Ho l’impressione che Papa Montini non fosse entusiasta dei movimenti, come invece lo è stato poi Giovanni Paolo II. Paolo VI guardava queste realtà con una certa perplessità, dovuta soprattutto al timore che si formassero gruppi con tendenze settarie. Poi, questo timore si ridimensionò con CL, tra i movimenti il meno esposto a questi pericoli. Certo fu importante l’esperienza del referendum sul divorzio, alla luce soprattutto del grave dissenso di parte dell’associazionismo tradizionale cattolico più vicino storicamente a Montini, che portò Paolo VI a parlare apertamente di tradimento. Ma forse più decisiva fu l’esperienza positiva dell’Anno santo, che Paolo VI volle indire anche con l’intenzione di superare le divisioni del decennio precedente, segnato da defezioni, di fuga dalla vita e dalla pratica religiose. E i cattolici, grazie pure ai movimenti, risposero, quasi meravigliando il Papa ormai anziano e già sofferente per l’artrosi. 

 

Poi vengono però gli anni più bui del terrorismo e il caso Moro, che precede di poco la morte di Paolo VI. Si ha quasi l’impressione che Montini abbia concluso la vita in una situazione di profonda tristezza: è così? 

 

Le difficoltà e le tristezze aumentarono. Esplose il dissenso dell’arcivescovo Lefebvre e poi il caso Moro scosse moltissimo Papa Montini. E il 1978 fu anche l’anno della legge italiana sull’aborto. Paolo VI certo soffrì molto, ma mai si abbandonò al pessimismo o al dubbio.

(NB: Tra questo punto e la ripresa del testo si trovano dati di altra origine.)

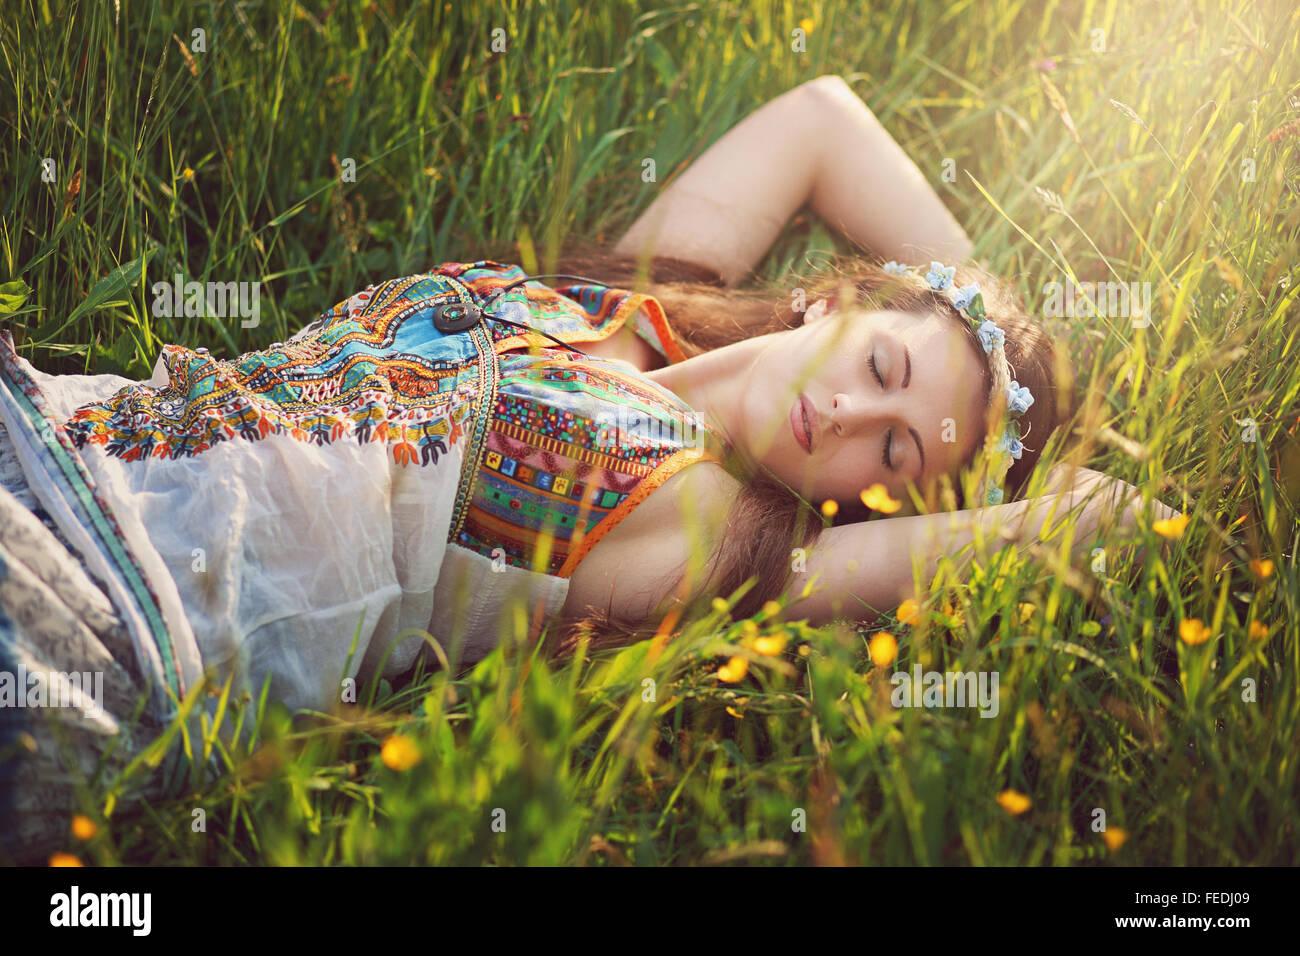 Wunderschöne Hippie-Frau schlafen friedlich in Frühlingswiese Stockbild

Non per nulla nel 1975 aveva pubblicato l’esortazione apostolica Gaudete in Domino, interamente dedicata al tema della gioia cristiana. Un testo essenziale per capire Paolo VI come lo è il suo testamento: scritto quando «la giornata tramonta, e tutto finisce e si scioglie di questa stupenda e drammatica scena temporale e terrena», con lo sguardo rivolto dal Papa a «questa terra dolorosa, drammatica e magnifica», ma soprattutto fissato «verso il mistero della morte, e di ciò che la segue, nel lume di Cristo, che solo la rischiara».